The Second Amendment wasn’t meant as a death warrant

Second Amendment

Like rapid fire bullets from an AK 47, American gun carnage is set to repeat. Random shooters can fell anyone, anywhere: at church, at school, while shopping for bargains at the Dollar General.

Mass shootings occur with such frequency that Americans seem inured to a brutal reality where the unstable and aggrieved can buy a gun as easily as a bag of chips.

Alleged ‘originalists’ on today’s Supreme Court, who claim to hew to the original meaning of the Constitution, did an about face on the Second Amendment. (Disclaimer, my federal litigation practice focuses on First and 14th Amendments; I’ve never tried a Second Amendment case.)

As Chief Justice Warren Burger observed:

The gun lobby’s interpretation of the Second Amendment is one of the greatest pieces of fraud, I repeat the word fraud, on the American people by special interest groups that I have ever seen in my lifetime… The real purpose of the Second Amendment was to ensure that state armies, the militia, would be maintained for the defense of the state… The very language of the Second Amendment refutes any argument that it was intended to guarantee every citizen an unfettered right to any kind of weapon he or she desires.

This view, shared by many Constitutional law scholars, holds that an un-bought and un-lobbied interpretation of the Second Amendment flows squarely from its historical context: In 1775, King George declared that the American colonies were in a state of rebellion. Eager to defeat, tax and control them while extracting their natural resources, the king sent bayonet-armed soldiers to occupy the 13 colonies. The British army quartered itself in the colonists’ meager homes, slept in their beds, burned their firewood, ate their scarce food, and confiscated their guns so they couldn’t fight back.

England disarmed the colonists to frustrate their efforts to organize a militia, which handicapped the rebels and, initially, the Continental Army. When the fighting was finally over, revolutionary war leaders met at the first Constitutional Convention in 1787 to draft their new governing laws.

General George Washington, fresh from the fighting, didn’t just attend the Constitutional convention, he was the convention president. As written and adopted in 1791, the Second Amendment reflected the inequity of weaponry felt during the British occupation: “A well regulated Militia, being necessary to the security of a free State, the right of the people to keep and bear Arms, shall not be infringed.”

Nowhere does the original Second Amendment state that citizens have the right to bear arms against each other, rather, the right to bear arms was described as a matter of collective defense.

After ratification, the Second Amendment was in quiet effect for nearly 200 years, and various gun regulations were adopted without conflict or controversy.

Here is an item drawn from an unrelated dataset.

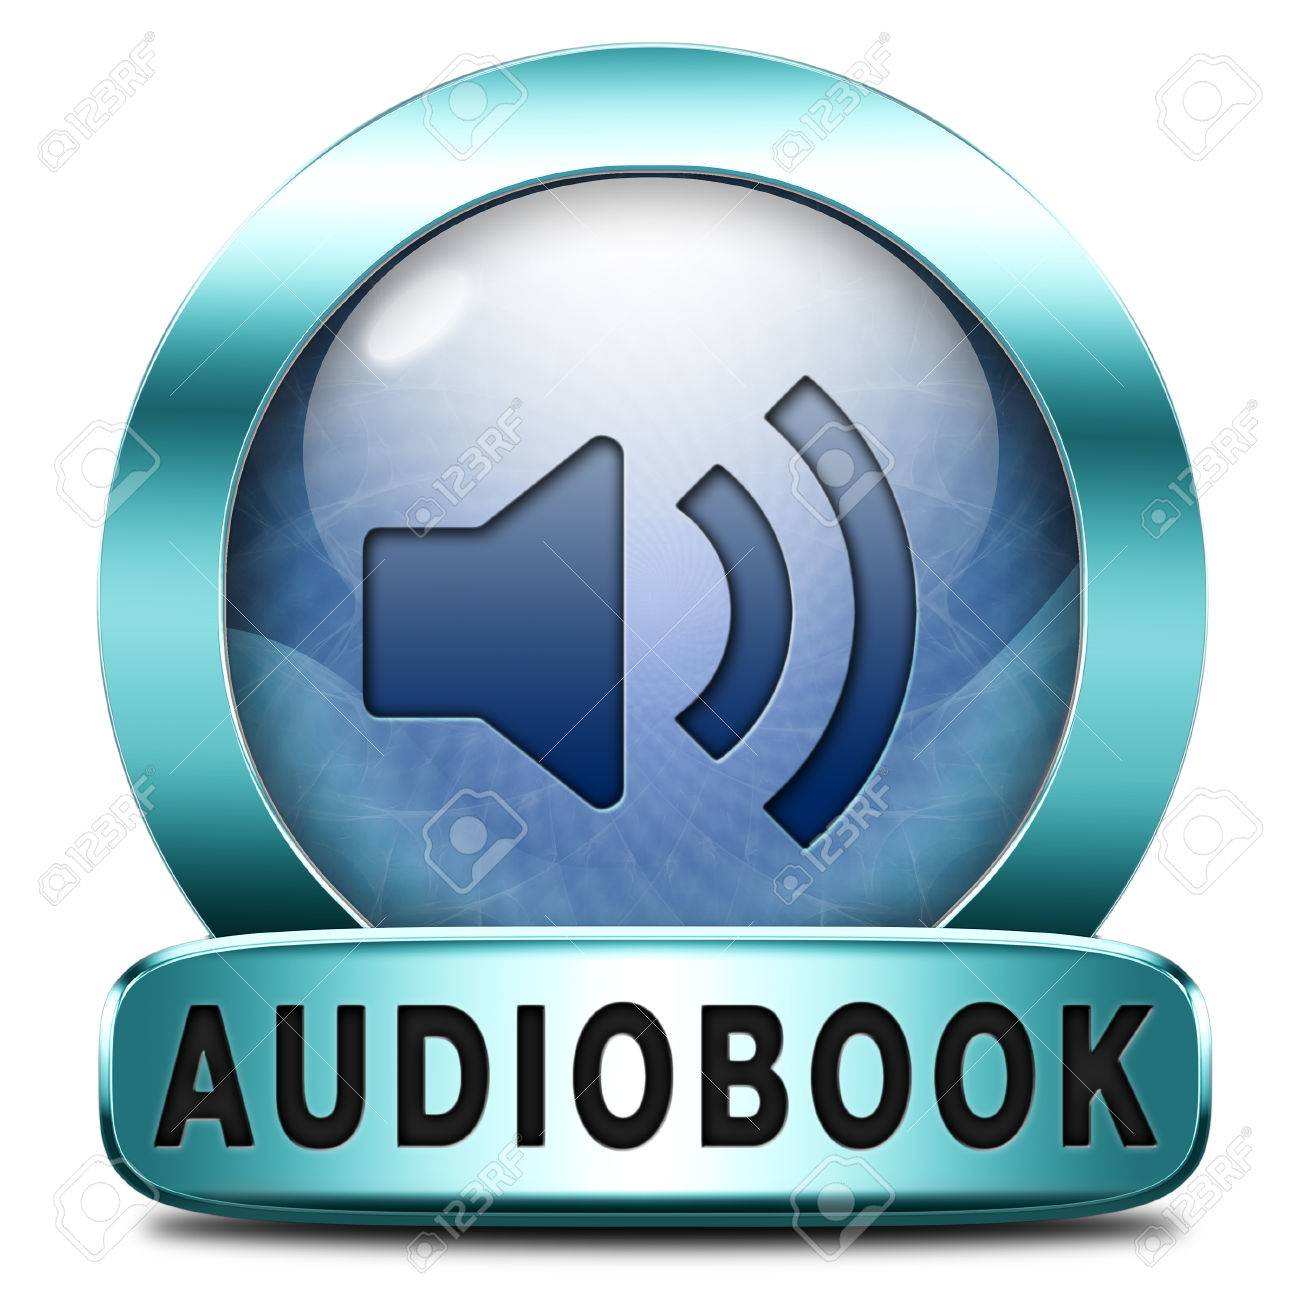 Audiobook icons set stock photo. Image of graphic, notes - 31875018

Trouble started brewing in the 1970s when the National Rife Association began lobbying to increase the production, sale, and distribution of firearms.

After decades of effort, the NRA’s lobby paid off in 2008, when the Supreme Court declared for the first time that an individual right to gun ownership under the Second Amendment was separate from the ‘militia clause’ in the same sentence, effectively erasing those terms and their historical context altogether.

In 2022, Justice Clarence Thomas made matters worse in the shameful Bruen decision, which overturned New York’s common sense concealed carry law. Relying on specious justification, Thomas essentially wrote that an individual’s interest in carrying a concealed gun outweighed the government’s interest in reducing gun deaths. It was an outrageous but predictable result from a justice who has accepted gifts of immense value from right wing political donors.

Democratic politicians like to claim that Democratic-led states have lower murder rates than Republican-led states, which is true, but only because political affiliations drive gun policies.

Arranging gun mortality rates according to controlling party affiliation, the CDC reports that twice the number of people are murdered per capita in red states than blue, even though red states tend to have more rural populations. In 2021, there were 6 murders per 100,000 residents in Democratic-led states, compared to 14 in Republican-led states.

Indiana’s statistics follow suit. Indiana’s per capita firearm deaths are 25% higher than the national rate, while Indiana’s gun law strength is ranked below the national average. Although Indiana’s Extreme Risk Law allows family members and law enforcement to petition a court to temporarily block someone in crisis from accessing guns, Indiana is lacking in most other common sense gun regulations involving permit requirements, background checks, secure storage, red flag, and high capacity limitations.

Although the latest racist shooting took place in Jacksonville, Florida, Indiana has also had its share of mass shootings — at a foot court, at a middle school, in a mall, at a FedEx facility, and at private parties. Indiana, like Florida, is also governed by a Republican supermajority.

The NRA, like the fossil fuel industry, has lobbied extensively for laws that protect their profits at the expense of human life, and a tainted Supreme Court has enabled them. It’s a good thing education in red states is also lacking, or people might start to see a deadly pattern.